Multi-Perspective Issuance Corroboration (MPIC)

Starting on March 15, 2025, HARICA will implement Multi-Perspective Issuance Corroboration (MPIC) for Domain Authorization, Control, and Certification Authority Authorization (CAA) Record checks before issuing any TLS Server Authentication Certificates, in accordance with CA/B Forum Baseline Requirements for TLS Server Certificates.

With MPIC, DNS queries for Domain Validation and CAA checks must be verified from multiple, randomly distributed and distant locations across the Internet. If the information corroboration fails (up to a certain level), the certificate issuance will be blocked. Domain Owners must ensure that their Authoritative DNS servers are accessible from the global Internet, allowing the corroboration to be completed without failures that would prevent certificate issuance.
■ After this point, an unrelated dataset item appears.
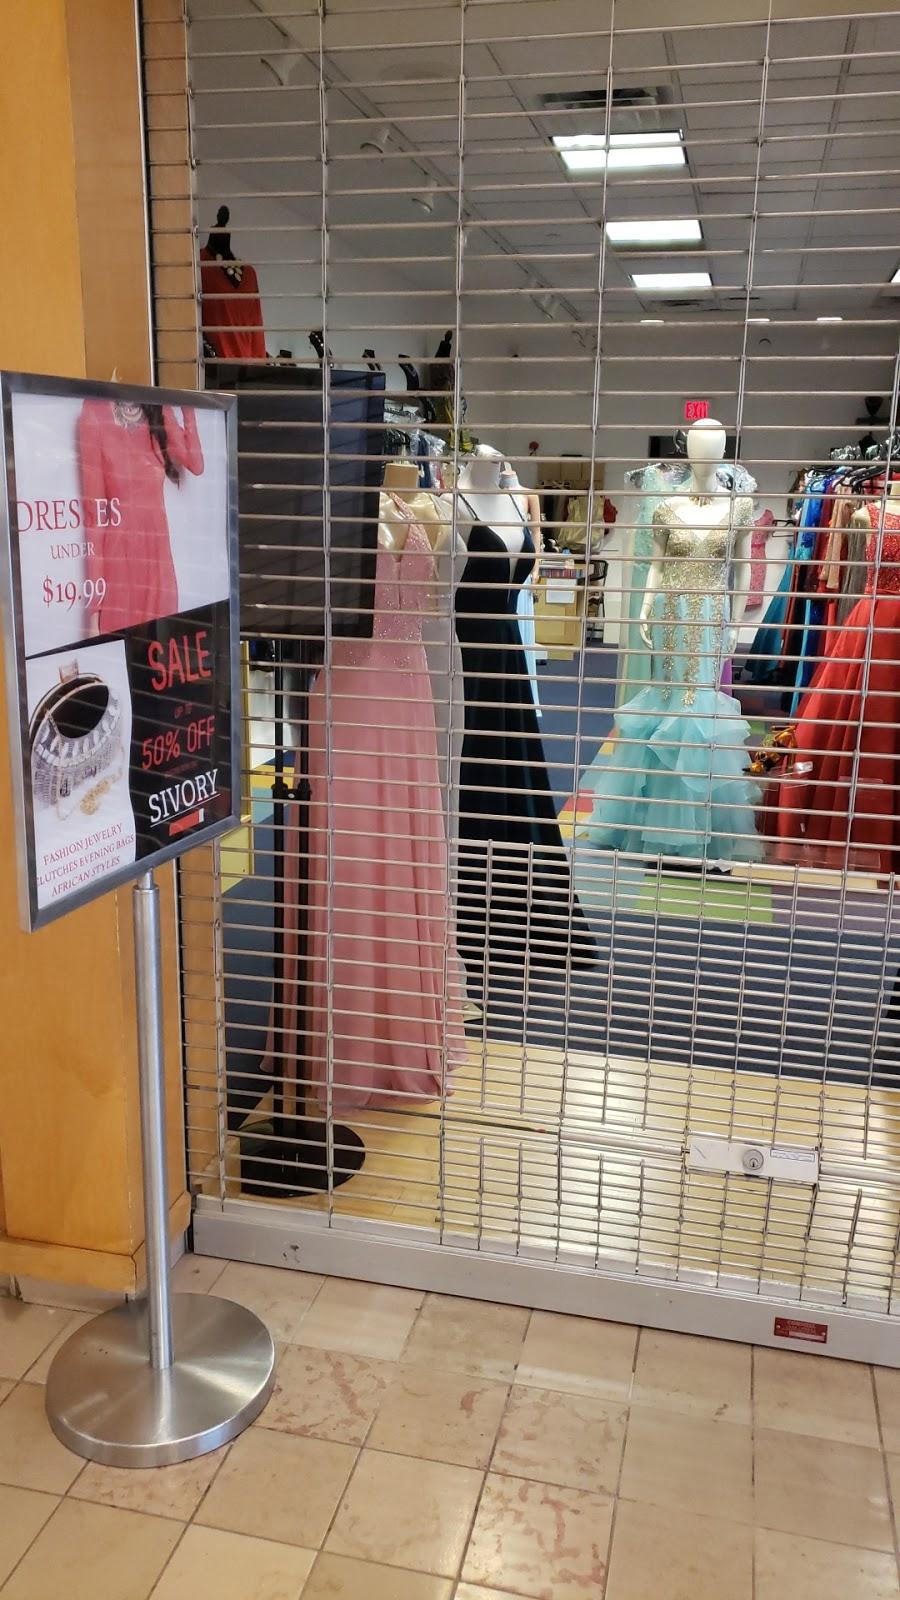 Sivory - clothing store  | Photo 3 of 3 | Address: 250 Woodbridge Center Dr, Woodbridge, NJ 07095, USA | Phone: (908) 494-7453

We remind our Subscribers that Publicly-Trusted TLS Server Authentication Certificates are “intended to be used for authenticating servers accessible through the Internet”, as described in the CA/Browser Forum TLS Baseline Requirements.

Mandatory CAA Checks for Mailbox Addresses

Effective March 15, 2025, HARICA will also be required to perform CAA checks for Mailbox Addresses, as mandated by the CA/Browser Forum S/MIME Baseline Requirements.

What You Need to Know:

• Before issuing an S/MIME certificate that includes a Mailbox Address, HARICA will retrieve and process CAA records, similar to the process used for TLS Certificates.
• If your DNS CAA record contains the issuemail tag, it must explicitly include the value “harica.gr”, authorizing HARICA for S/MIME certificate issuance.
• If no issuemail tag is present, no action is required.